**Exercise brief**
A word-for-word copy of the listing is what's needed; leave out every image.

**Information supplied**
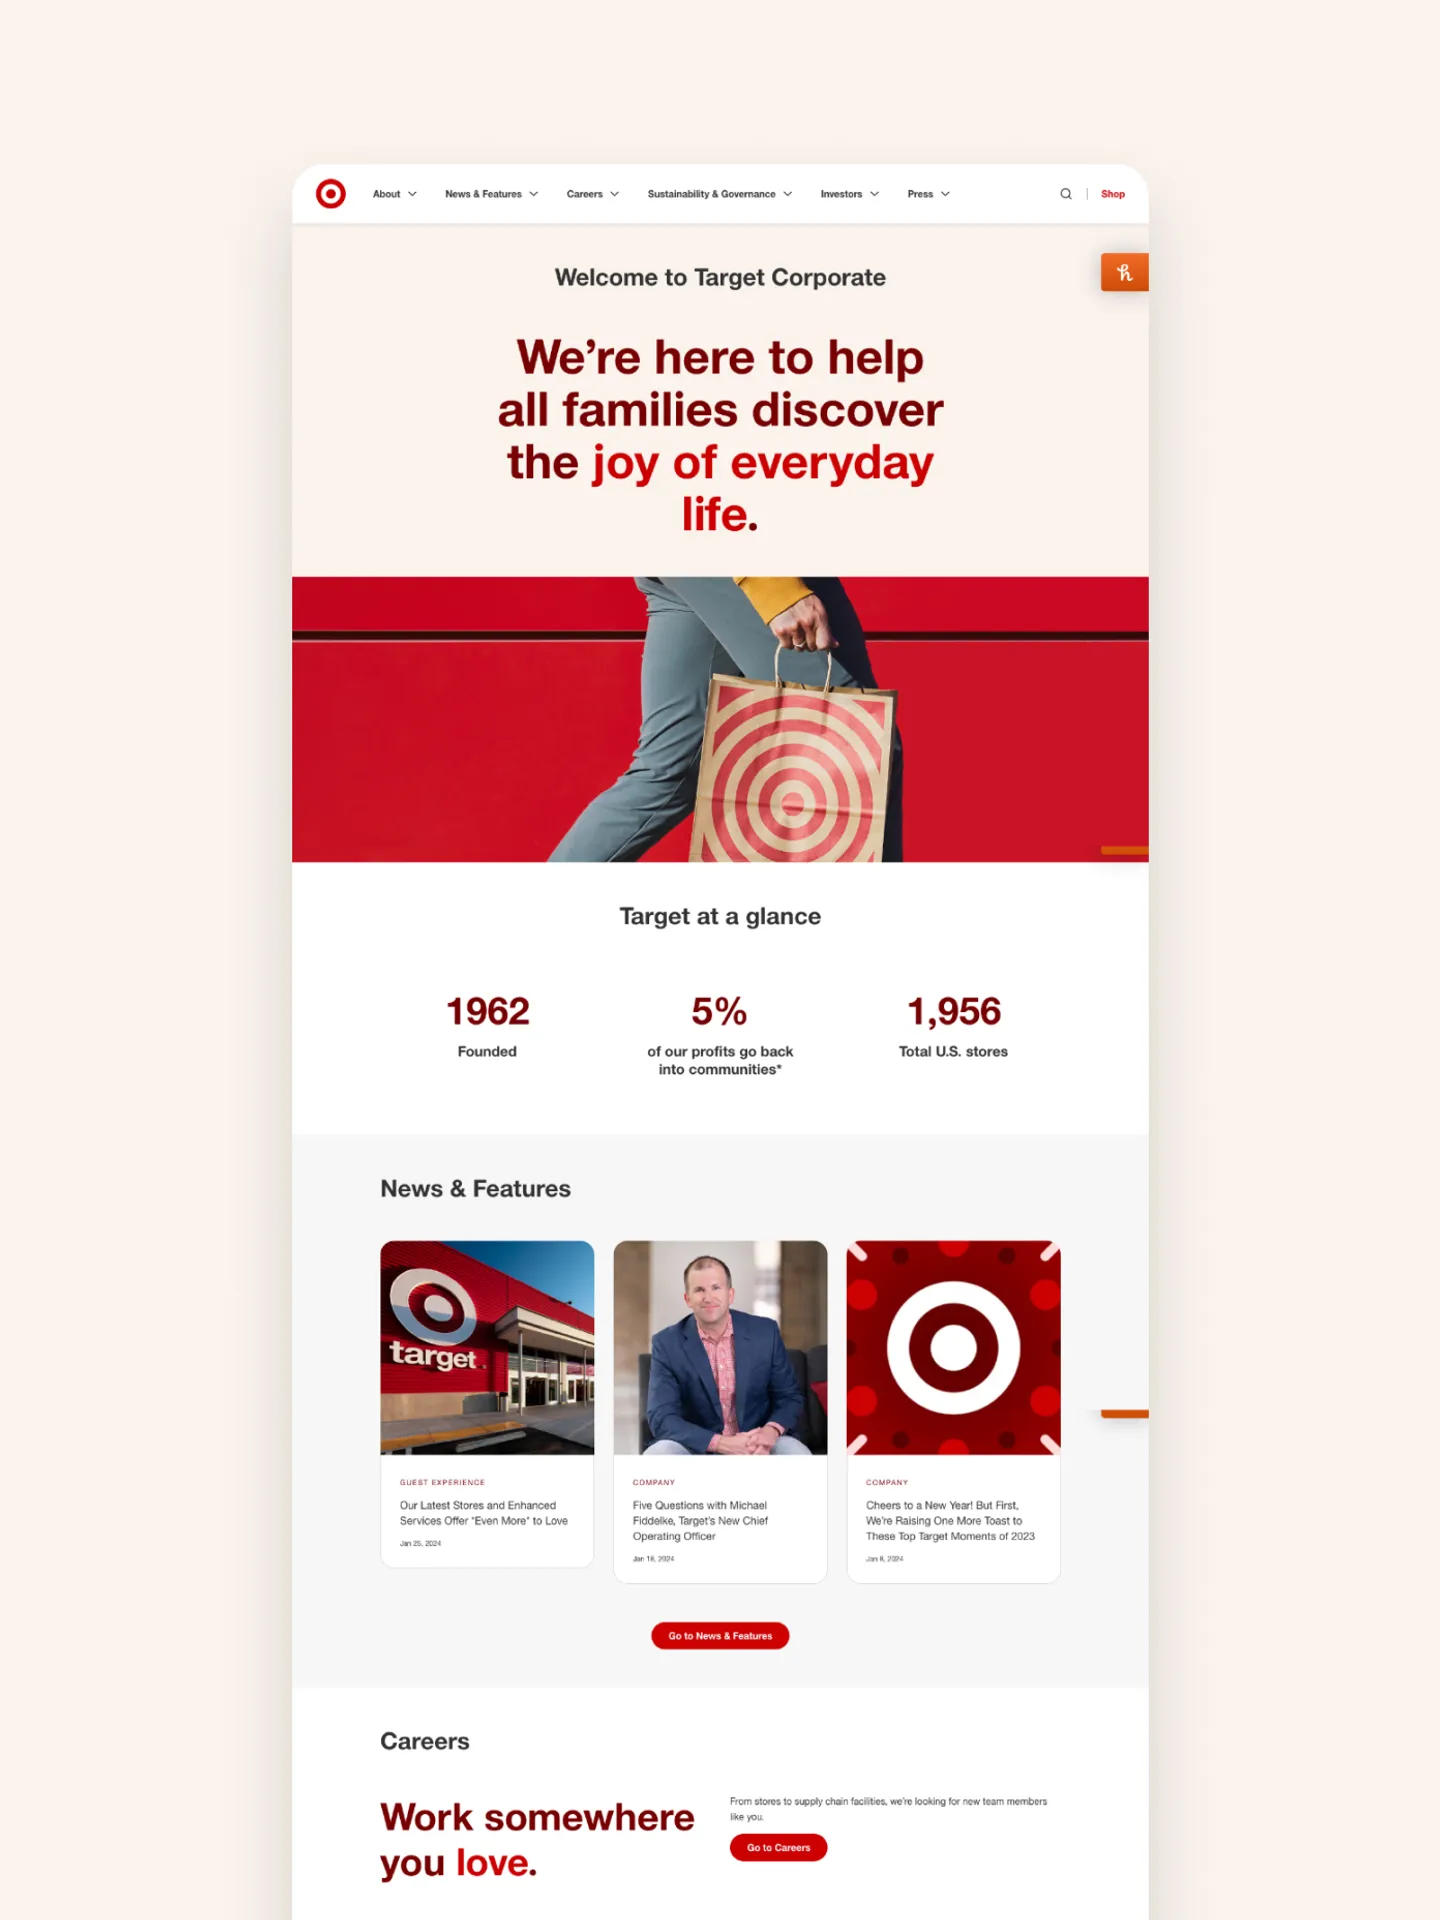 Web page design of the Target corporate website
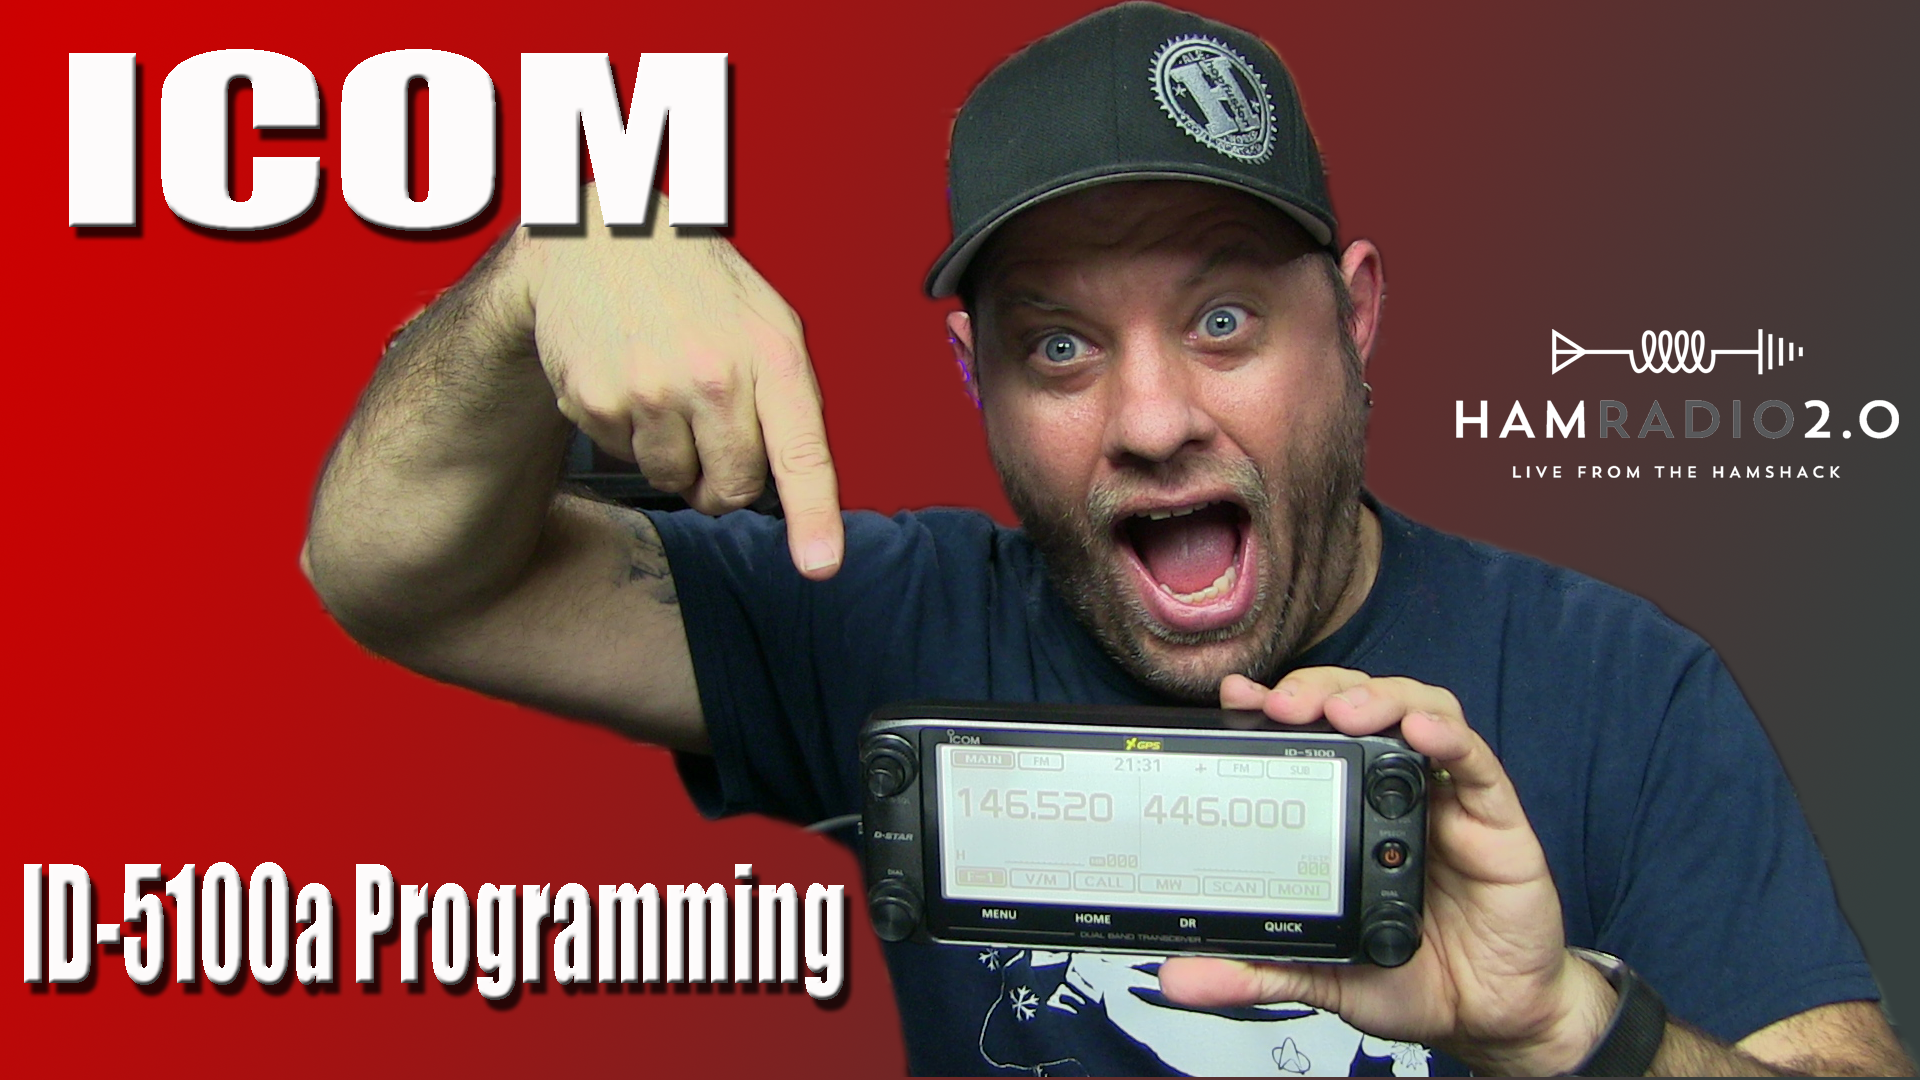 Episode 175: Icom ID-5100a Unboxing and Programming
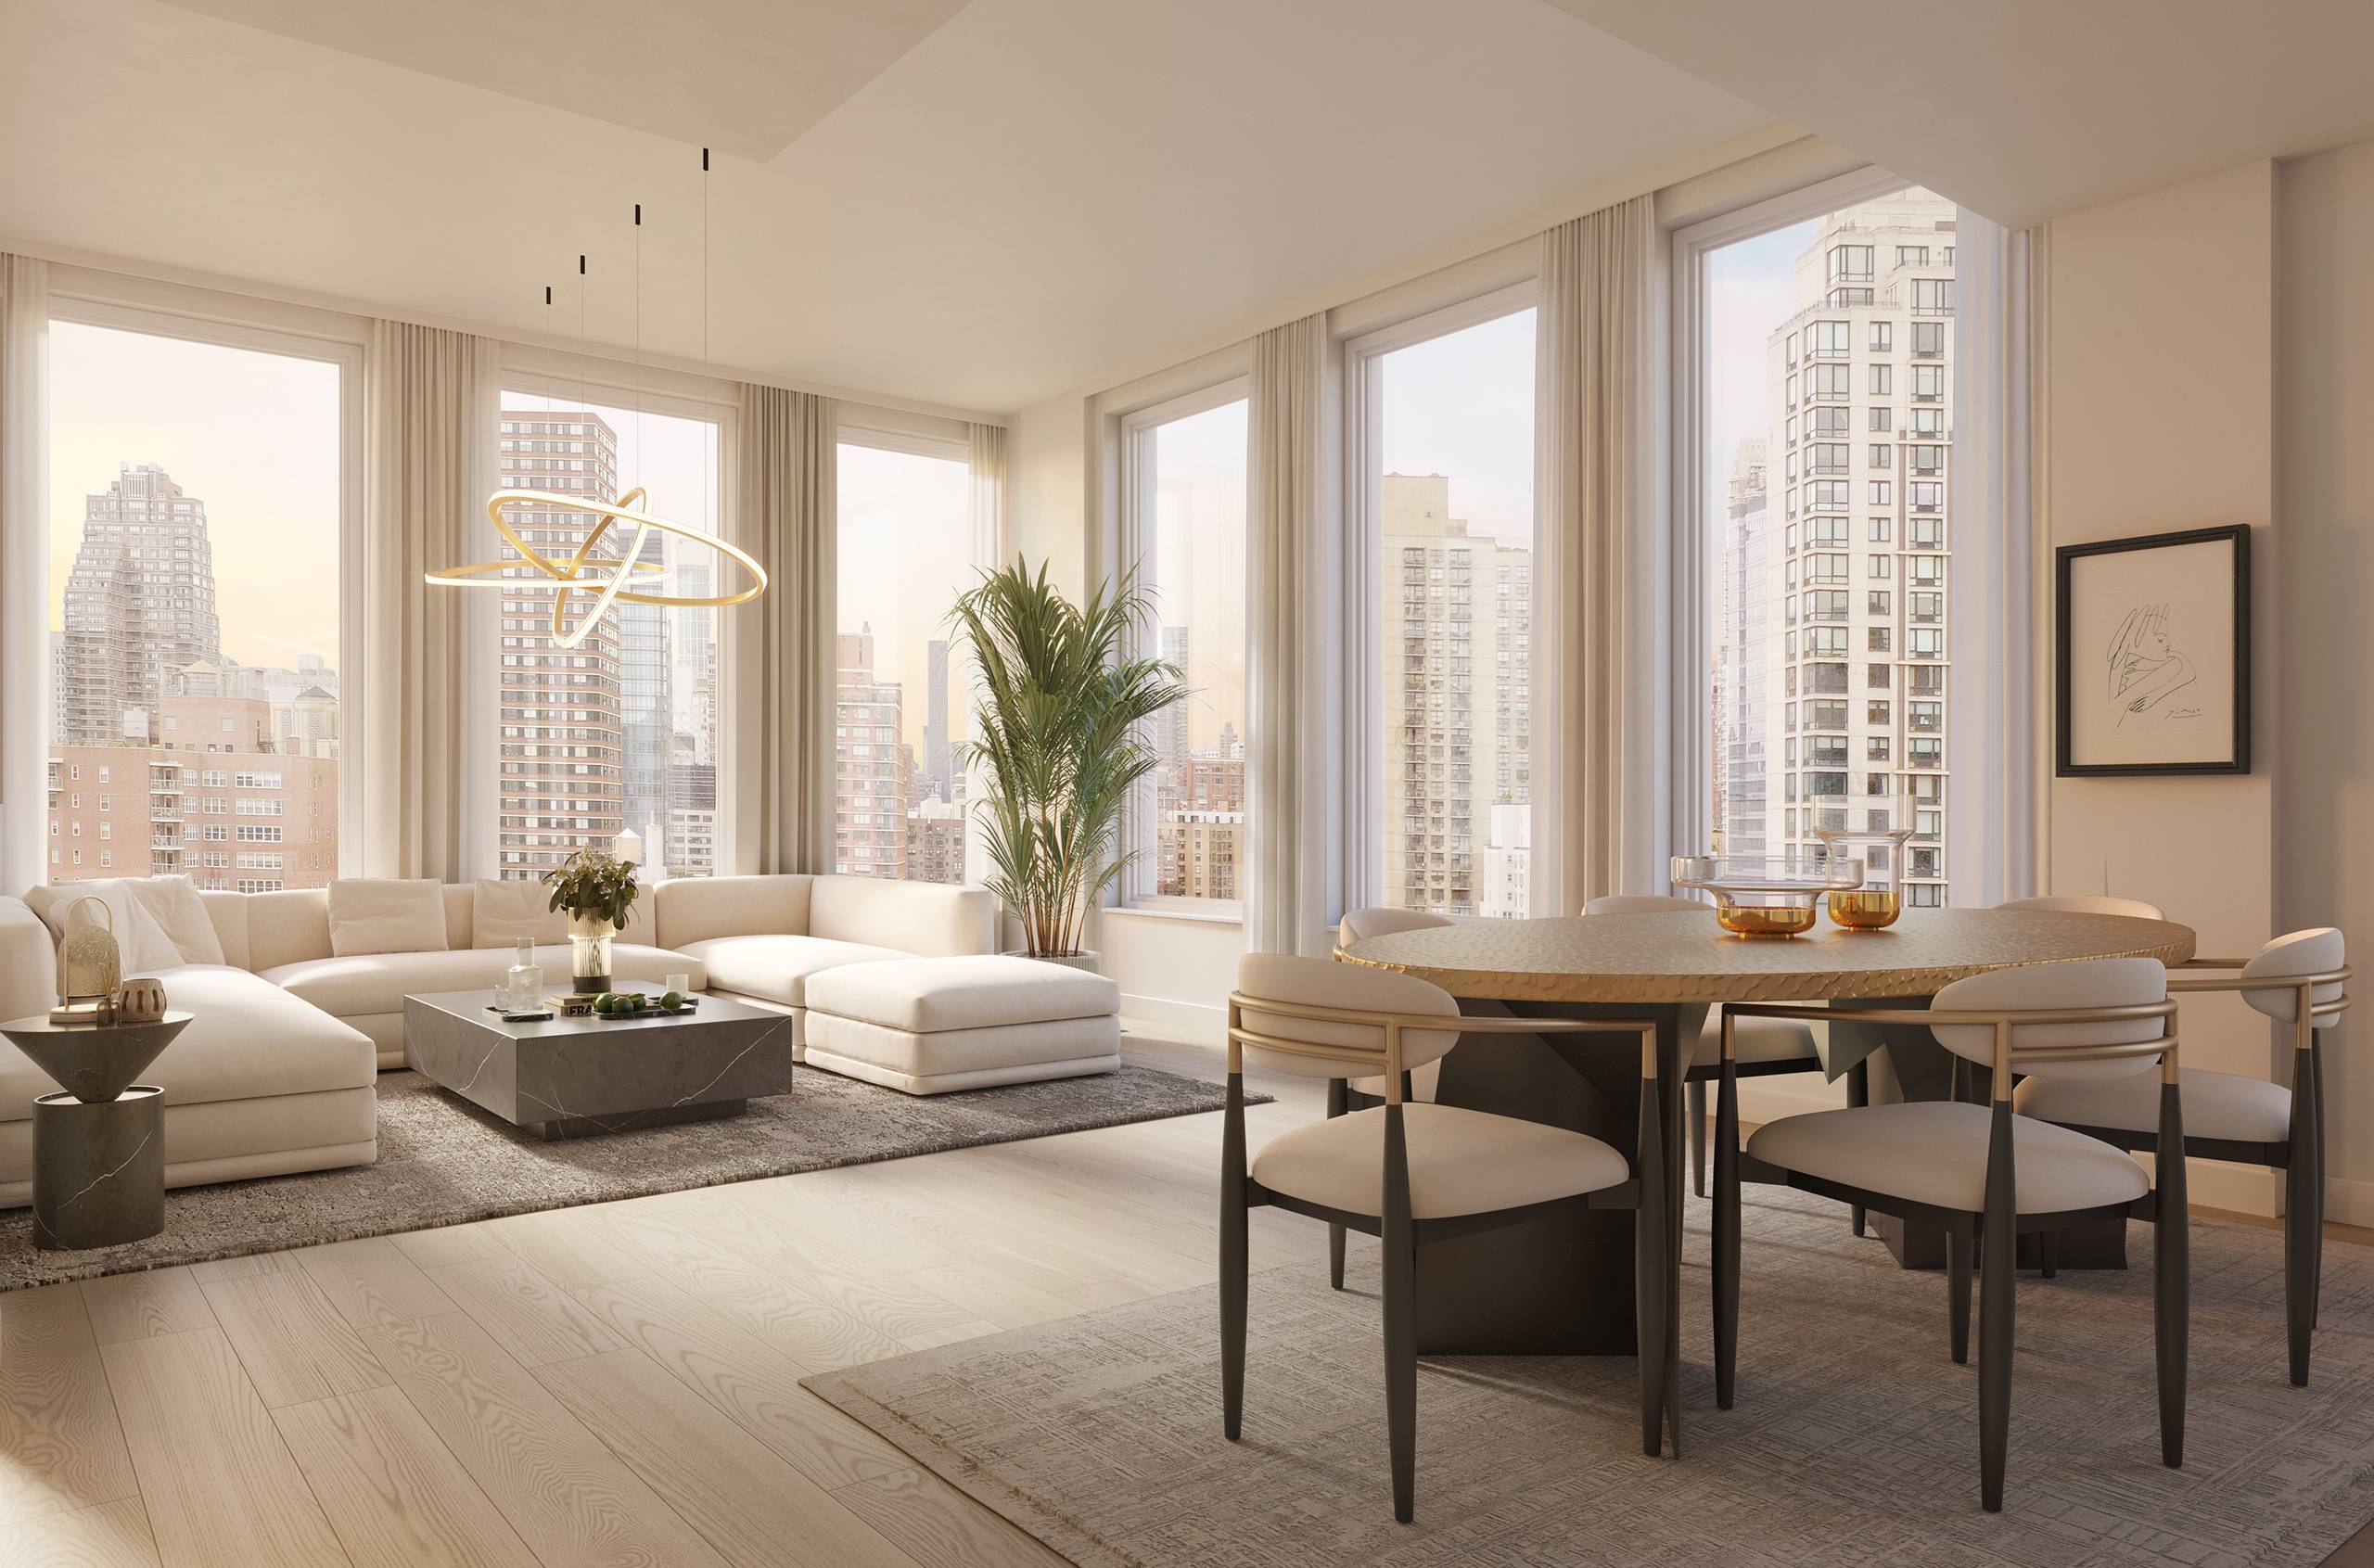 LUXURY NEW DEVELOPMENT IN THE HEART OF THE UPPER EAST SIDE

**Answer to this exercise**
 Web page design of the Target corporate website
 Episode 175: Icom ID-5100a Unboxing and Programming
 LUXURY NEW DEVELOPMENT IN THE HEART OF THE UPPER EAST SIDE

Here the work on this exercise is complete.